__Items listed in a dataset__
....
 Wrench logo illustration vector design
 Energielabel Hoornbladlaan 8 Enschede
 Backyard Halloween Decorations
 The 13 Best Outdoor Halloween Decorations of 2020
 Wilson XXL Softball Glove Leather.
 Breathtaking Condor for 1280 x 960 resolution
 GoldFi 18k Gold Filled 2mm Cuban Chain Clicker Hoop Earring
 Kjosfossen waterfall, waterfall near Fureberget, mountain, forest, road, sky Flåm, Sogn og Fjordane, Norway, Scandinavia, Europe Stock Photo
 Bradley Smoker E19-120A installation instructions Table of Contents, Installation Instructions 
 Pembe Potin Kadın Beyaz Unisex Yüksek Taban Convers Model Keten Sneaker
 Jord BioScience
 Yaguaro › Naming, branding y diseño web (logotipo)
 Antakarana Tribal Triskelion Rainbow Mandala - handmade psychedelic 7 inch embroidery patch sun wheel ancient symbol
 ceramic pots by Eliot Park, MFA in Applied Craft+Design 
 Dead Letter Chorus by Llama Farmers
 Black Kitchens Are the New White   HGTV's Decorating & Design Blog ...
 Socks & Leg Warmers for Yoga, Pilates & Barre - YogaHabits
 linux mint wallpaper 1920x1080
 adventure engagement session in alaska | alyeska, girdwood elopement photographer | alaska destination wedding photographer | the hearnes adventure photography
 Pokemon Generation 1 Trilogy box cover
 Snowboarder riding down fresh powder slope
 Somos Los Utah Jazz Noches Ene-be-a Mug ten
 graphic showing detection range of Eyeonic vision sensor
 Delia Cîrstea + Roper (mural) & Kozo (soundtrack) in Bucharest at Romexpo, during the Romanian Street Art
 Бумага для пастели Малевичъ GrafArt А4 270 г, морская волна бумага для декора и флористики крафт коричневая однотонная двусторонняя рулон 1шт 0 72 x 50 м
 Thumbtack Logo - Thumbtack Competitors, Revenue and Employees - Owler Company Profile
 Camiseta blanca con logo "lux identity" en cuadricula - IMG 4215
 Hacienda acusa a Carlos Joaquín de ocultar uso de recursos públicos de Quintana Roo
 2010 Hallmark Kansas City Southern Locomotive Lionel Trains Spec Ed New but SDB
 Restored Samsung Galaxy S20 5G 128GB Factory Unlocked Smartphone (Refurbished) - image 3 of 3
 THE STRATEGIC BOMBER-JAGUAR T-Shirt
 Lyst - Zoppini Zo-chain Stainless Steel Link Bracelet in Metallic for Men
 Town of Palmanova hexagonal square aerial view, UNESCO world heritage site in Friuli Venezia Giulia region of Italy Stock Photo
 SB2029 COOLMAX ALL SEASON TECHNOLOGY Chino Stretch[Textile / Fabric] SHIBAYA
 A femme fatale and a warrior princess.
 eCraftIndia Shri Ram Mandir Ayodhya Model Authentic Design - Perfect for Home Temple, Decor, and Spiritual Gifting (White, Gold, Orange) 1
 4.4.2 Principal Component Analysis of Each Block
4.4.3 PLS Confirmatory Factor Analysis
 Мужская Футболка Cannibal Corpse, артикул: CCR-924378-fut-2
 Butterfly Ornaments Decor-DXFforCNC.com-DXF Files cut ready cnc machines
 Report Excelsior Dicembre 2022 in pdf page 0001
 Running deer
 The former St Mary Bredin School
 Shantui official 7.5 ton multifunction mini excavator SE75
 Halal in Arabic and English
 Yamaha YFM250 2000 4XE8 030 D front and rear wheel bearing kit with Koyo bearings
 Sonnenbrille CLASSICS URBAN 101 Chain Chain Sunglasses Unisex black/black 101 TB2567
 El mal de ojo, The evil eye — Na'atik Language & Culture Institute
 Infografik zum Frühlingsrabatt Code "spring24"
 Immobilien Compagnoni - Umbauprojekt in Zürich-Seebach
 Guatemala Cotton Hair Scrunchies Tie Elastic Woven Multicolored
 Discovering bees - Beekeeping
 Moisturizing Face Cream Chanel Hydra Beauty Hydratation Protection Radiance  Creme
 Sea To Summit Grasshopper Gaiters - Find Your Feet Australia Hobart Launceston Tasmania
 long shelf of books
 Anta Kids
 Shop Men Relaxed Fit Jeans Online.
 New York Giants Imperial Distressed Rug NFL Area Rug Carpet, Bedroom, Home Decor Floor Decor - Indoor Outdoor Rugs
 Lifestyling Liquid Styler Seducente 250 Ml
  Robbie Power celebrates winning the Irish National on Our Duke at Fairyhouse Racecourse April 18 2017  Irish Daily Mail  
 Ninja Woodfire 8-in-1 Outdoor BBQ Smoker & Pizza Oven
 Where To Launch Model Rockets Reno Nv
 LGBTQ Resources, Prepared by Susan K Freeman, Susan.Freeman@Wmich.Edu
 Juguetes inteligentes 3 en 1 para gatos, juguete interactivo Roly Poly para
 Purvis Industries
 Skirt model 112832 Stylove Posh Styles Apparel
....
Copy out the entries exactly. Begin at the first line and end with the line that has "Yaguaro › Naming, branding".

 Wrench logo illustration vector design
 Energielabel Hoornbladlaan 8 Enschede
 Backyard Halloween Decorations
 The 13 Best Outdoor Halloween Decorations of 2020
 Wilson XXL Softball Glove Leather.
 Breathtaking Condor for 1280 x 960 resolution
 GoldFi 18k Gold Filled 2mm Cuban Chain Clicker Hoop Earring
 Kjosfossen waterfall, waterfall near Fureberget, mountain, forest, road, sky Flåm, Sogn og Fjordane, Norway, Scandinavia, Europe Stock Photo
 Bradley Smoker E19-120A installation instructions Table of Contents, Installation Instructions 
 Pembe Potin Kadın Beyaz Unisex Yüksek Taban Convers Model Keten Sneaker
 Jord BioScience
 Yaguaro › Naming, branding y diseño web (logotipo)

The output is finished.